Please copy exactly the part of the records below that opens with the line containing "LKXHarleya Silver Reflective" and closes with the line containing "Puma Boys t-shirt white", leaving out any pictures.

- _DATA FOR THIS TASK_:
========================================================================

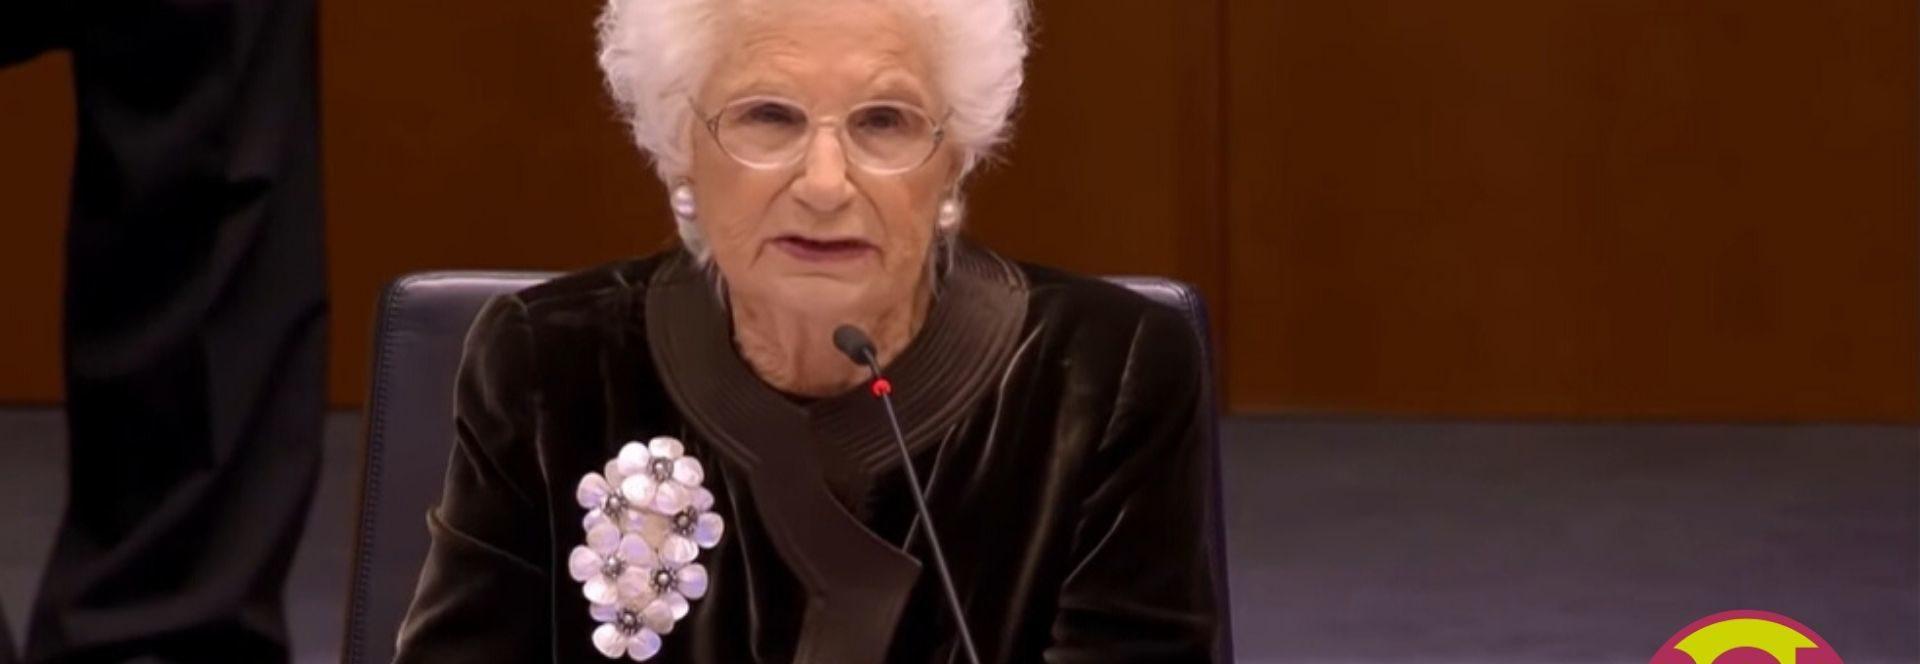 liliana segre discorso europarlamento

========================================================================

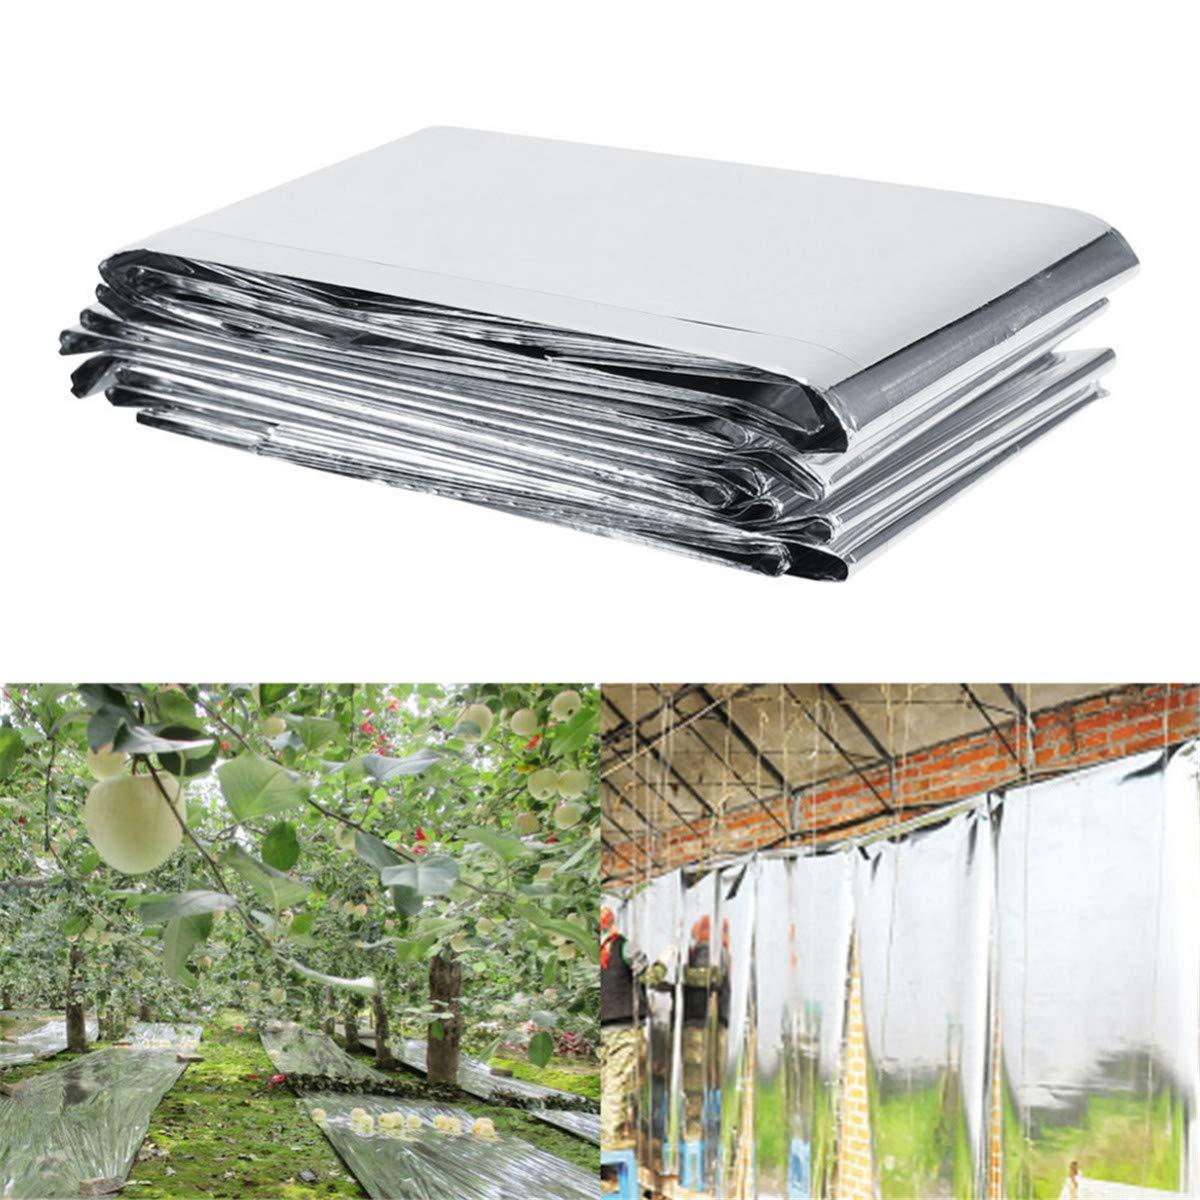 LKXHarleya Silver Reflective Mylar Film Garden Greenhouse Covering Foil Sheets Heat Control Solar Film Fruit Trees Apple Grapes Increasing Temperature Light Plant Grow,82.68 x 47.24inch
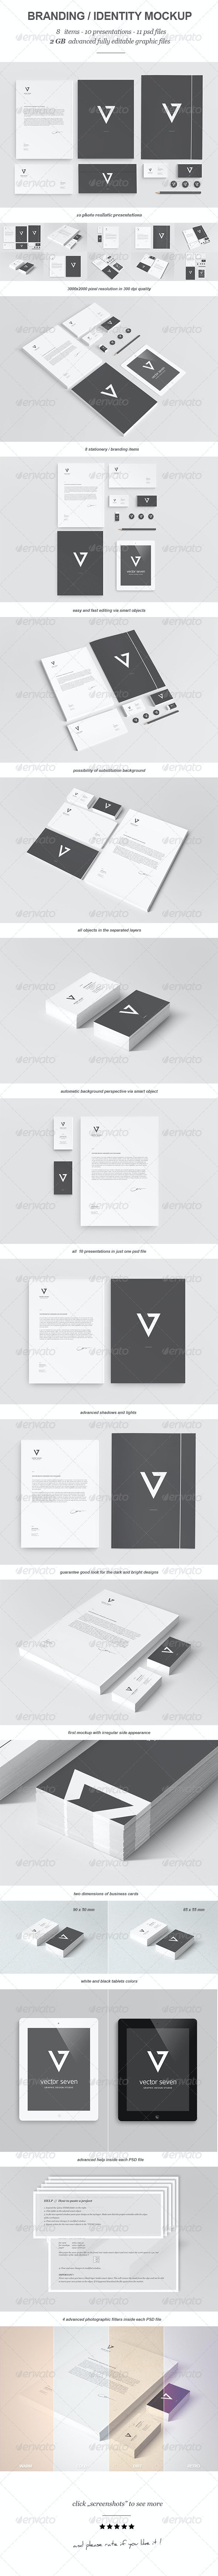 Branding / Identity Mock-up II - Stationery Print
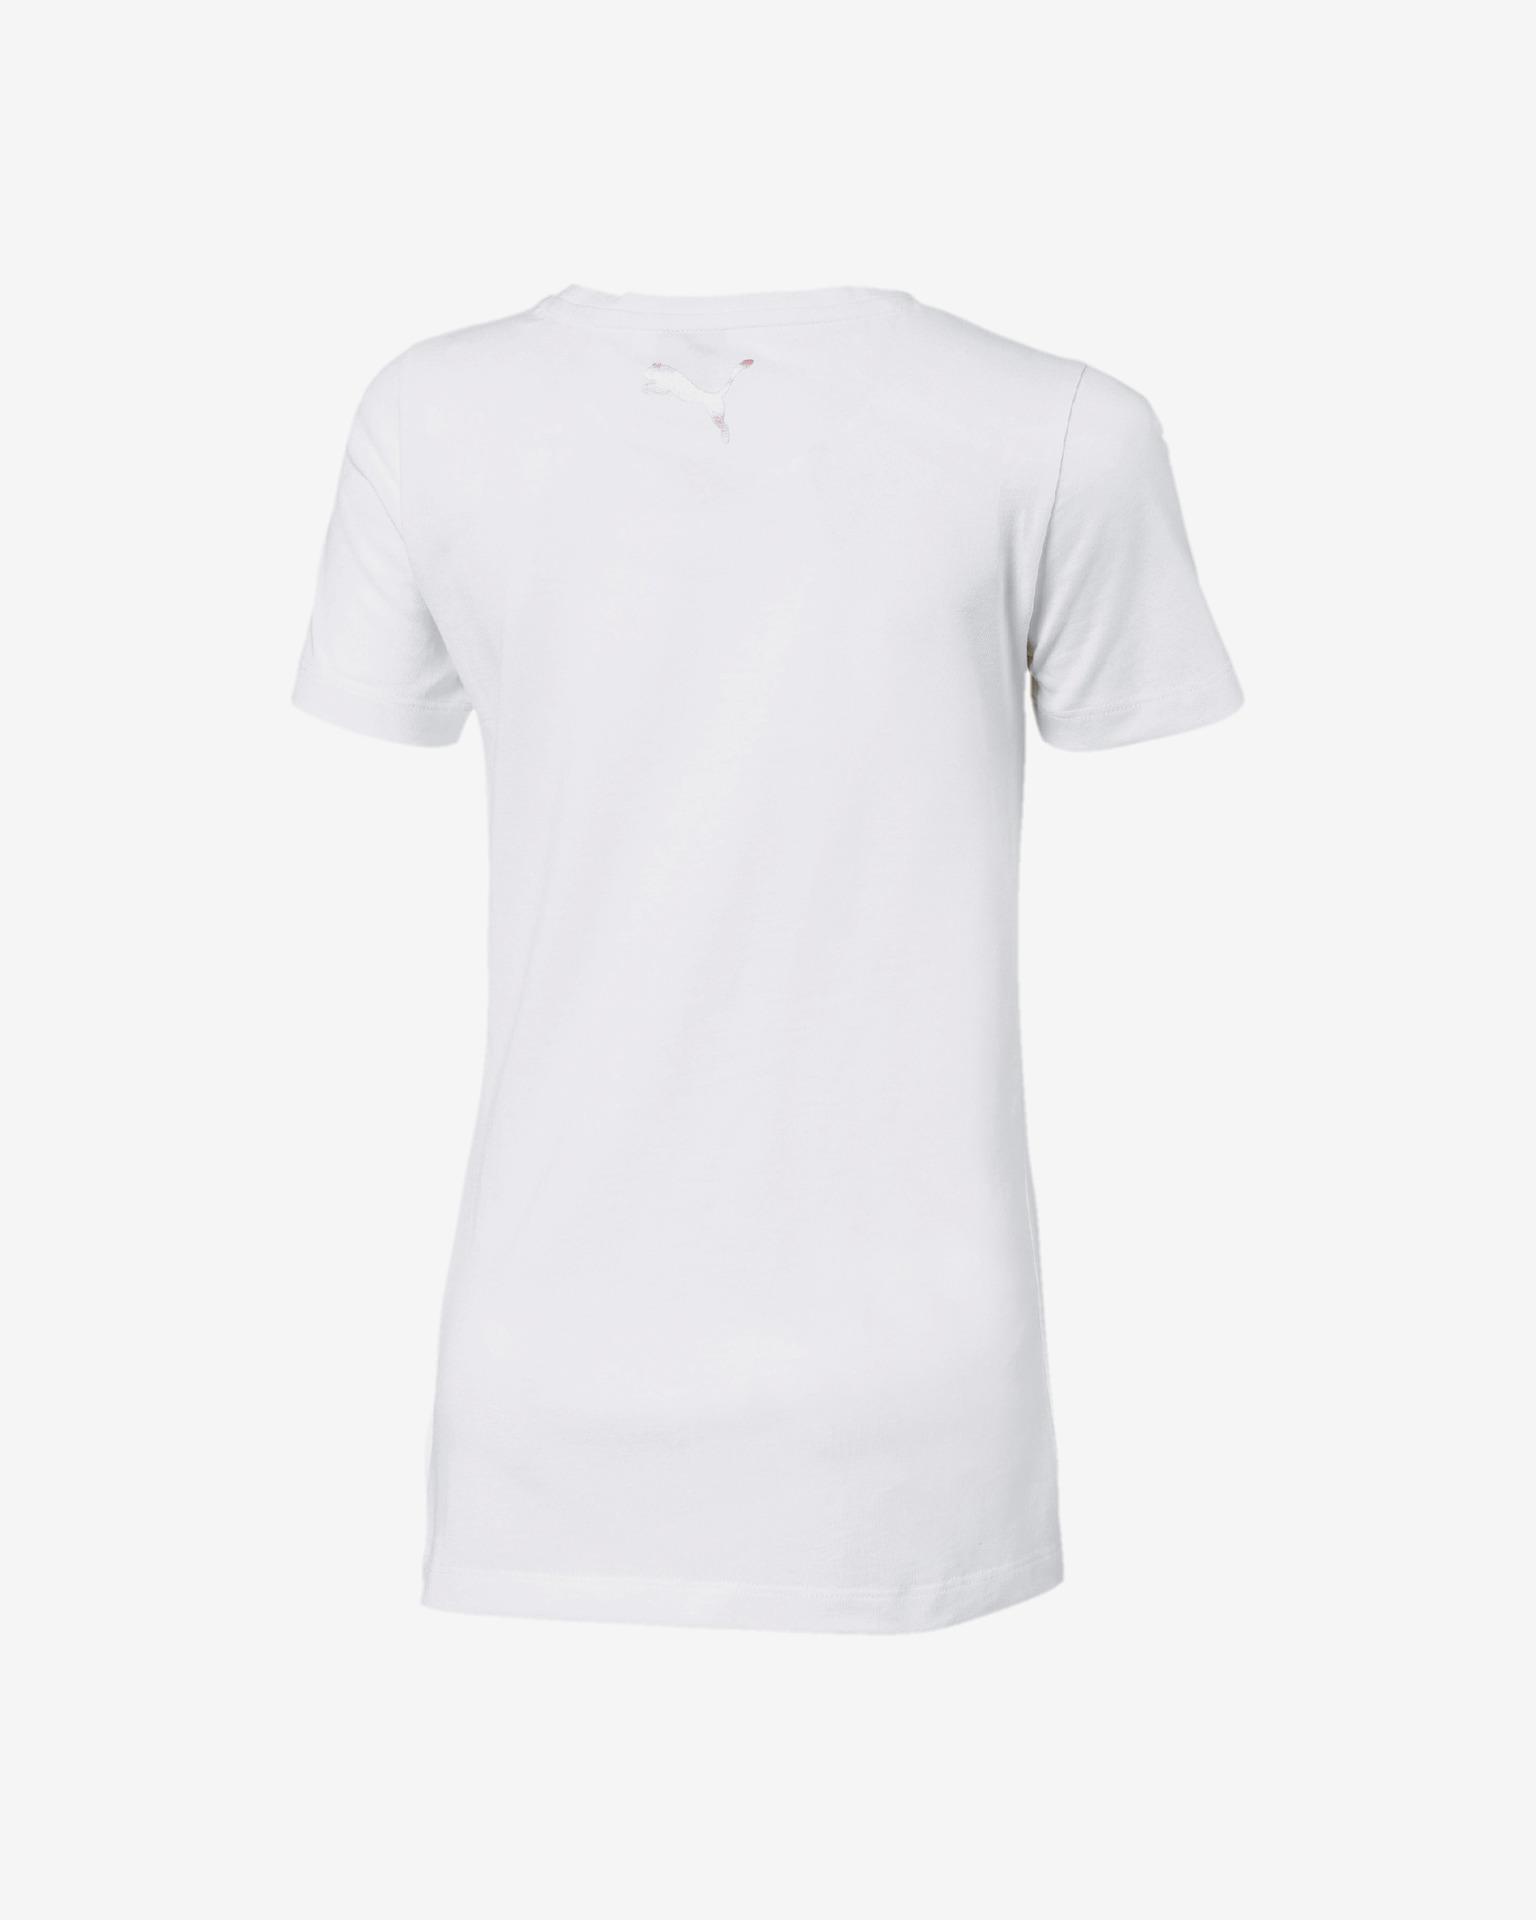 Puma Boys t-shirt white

========================================================================

- _FINAL ANSWER_:
 LKXHarleya Silver Reflective Mylar Film Garden Greenhouse Covering Foil Sheets Heat Control Solar Film Fruit Trees Apple Grapes Increasing Temperature Light Plant Grow,82.68 x 47.24inch
 Branding / Identity Mock-up II - Stationery Print
 Puma Boys t-shirt white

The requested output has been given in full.